◆ Required work
Any picture must be dropped, but each line of the data should be duplicated exactly.

◆ Information supplied
···

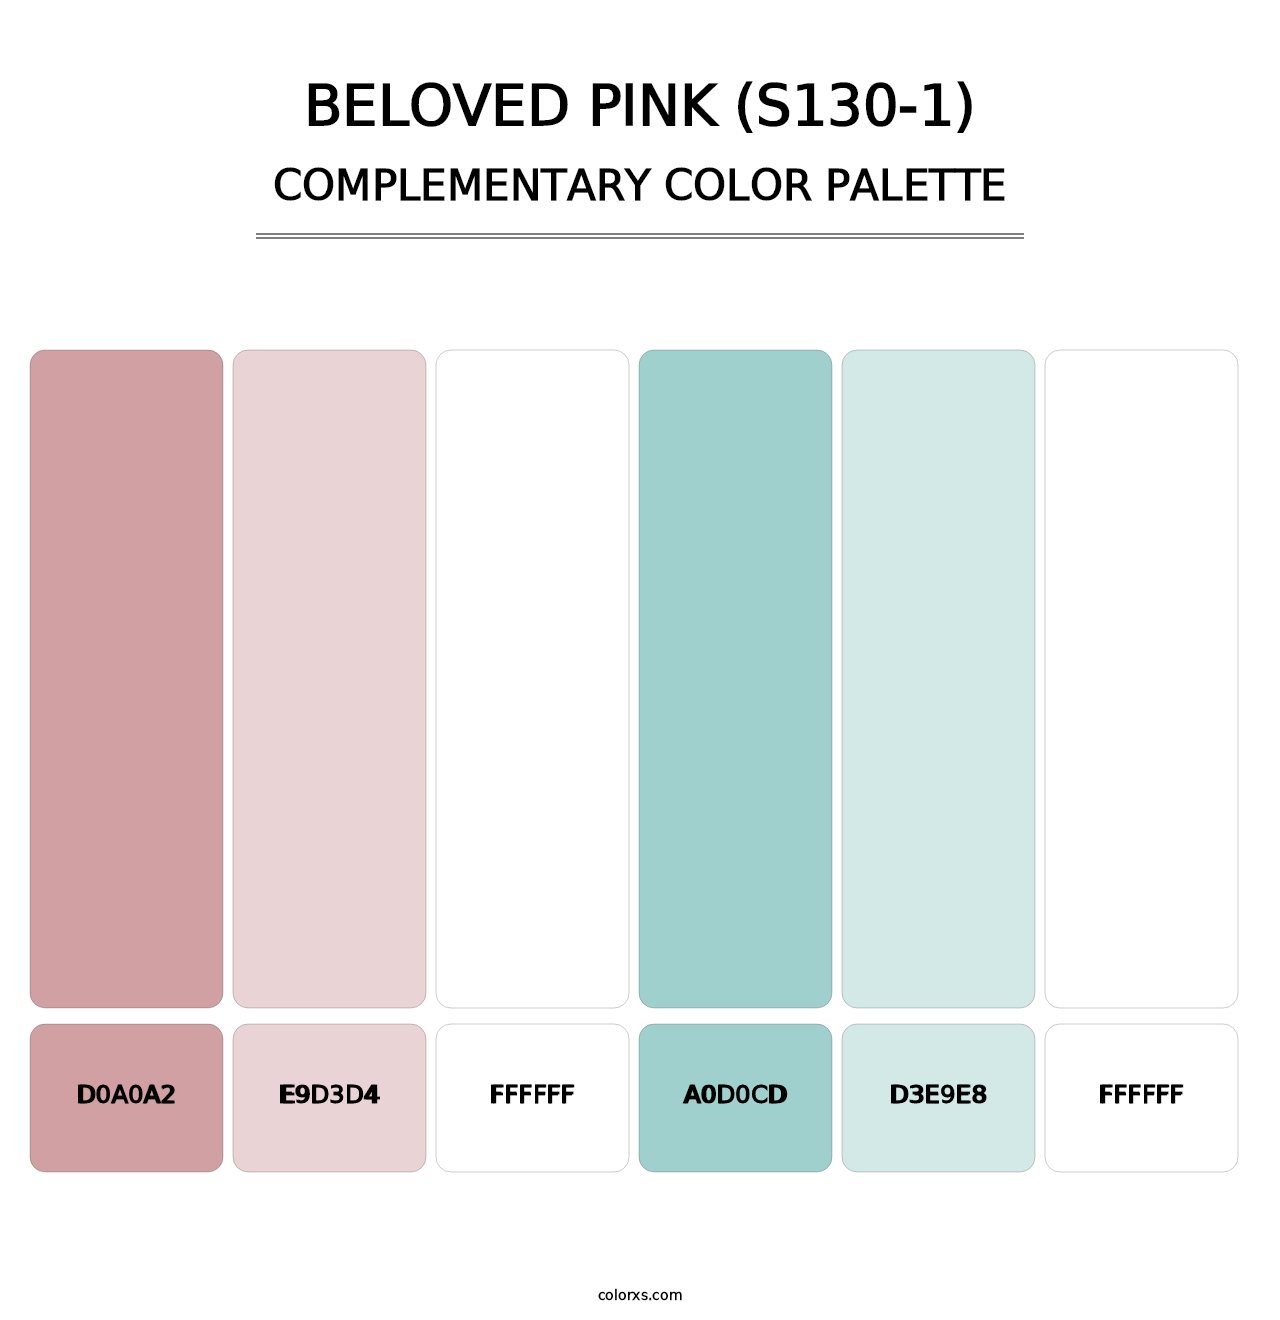 Beloved Pink (S130-1) - Complementary Color Palette
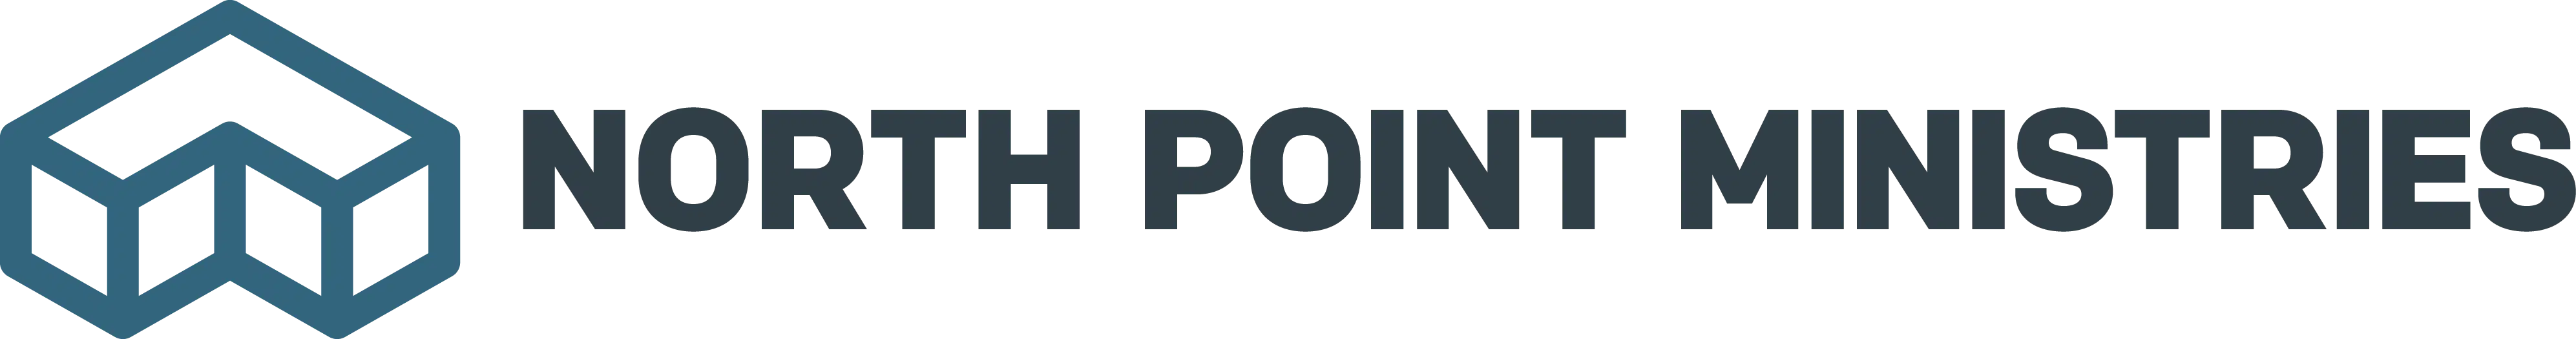 North Point Ministries Logo
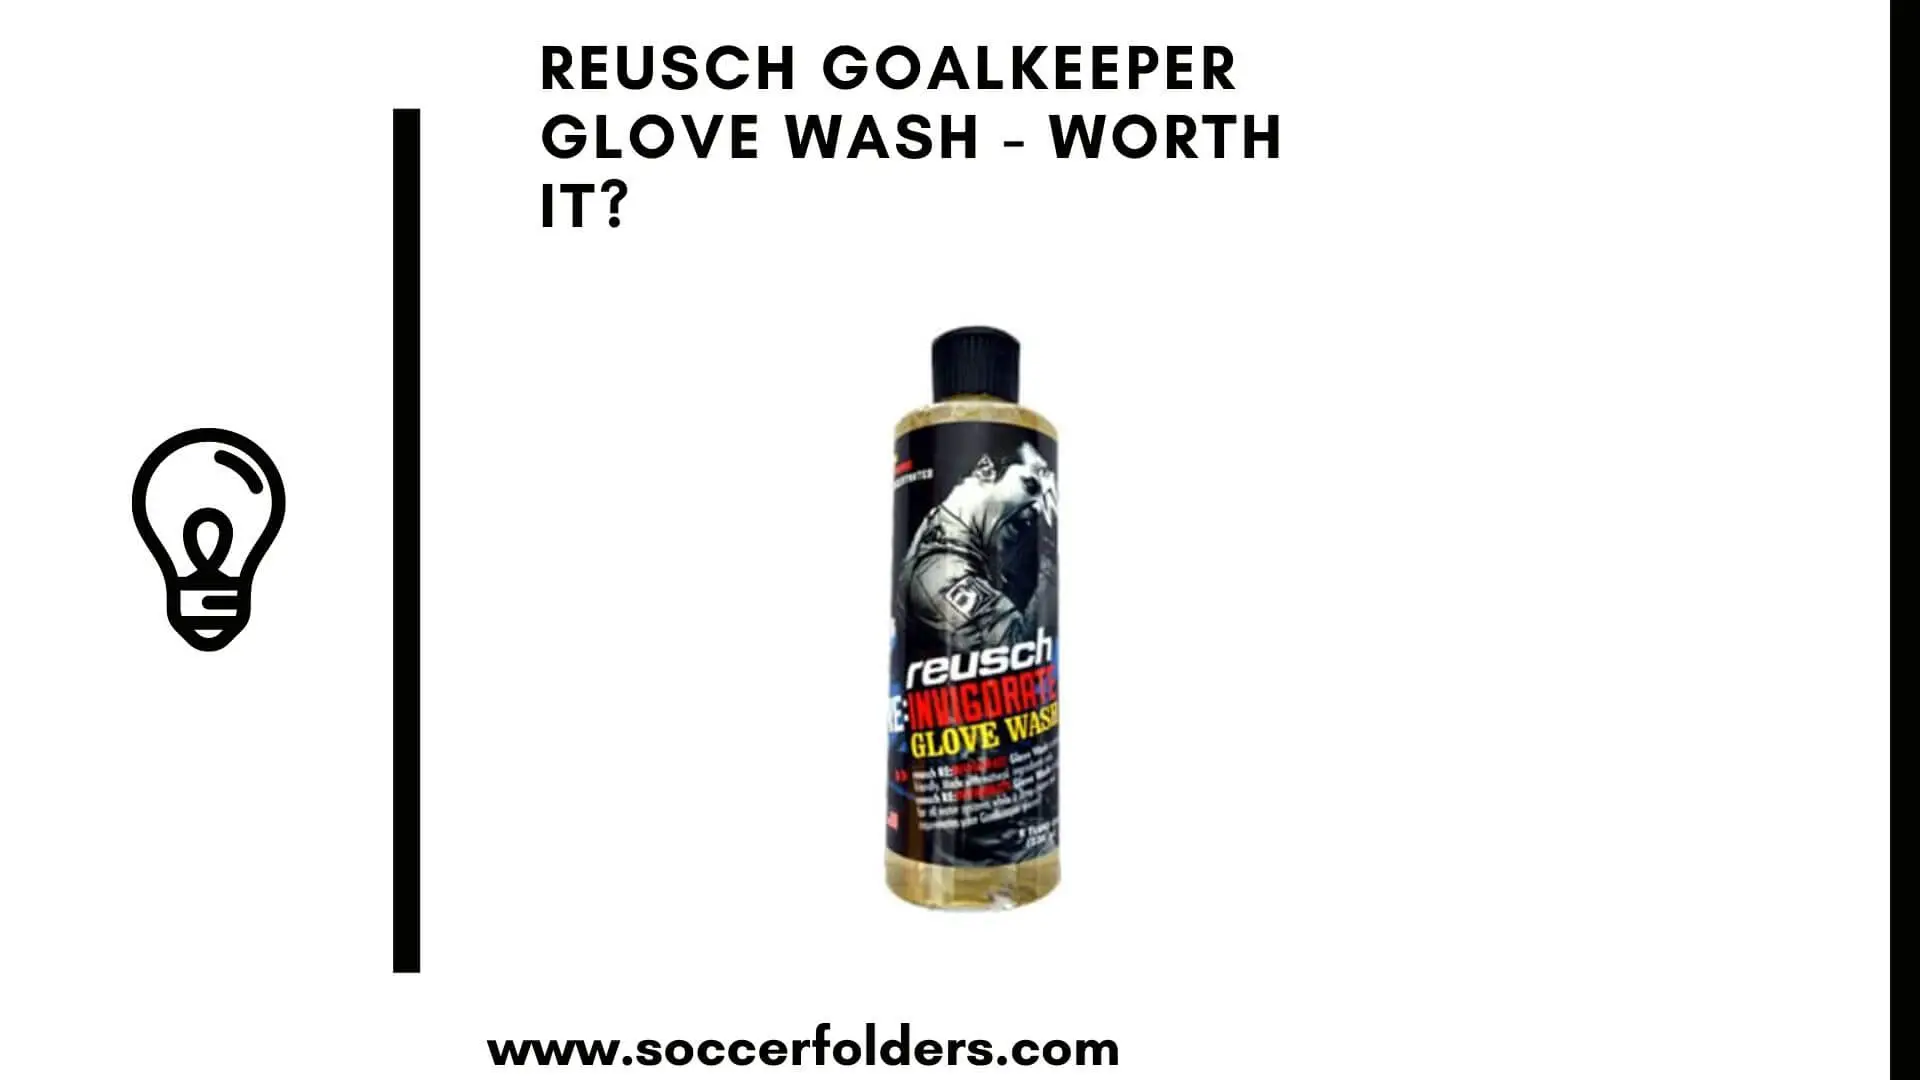 Reusch goalkeeper glove wash - Featured image

···

◆ Output of the exercise
 Beloved Pink (S130-1) - Complementary Color Palette
 North Point Ministries Logo
 Reusch goalkeeper glove wash - Featured image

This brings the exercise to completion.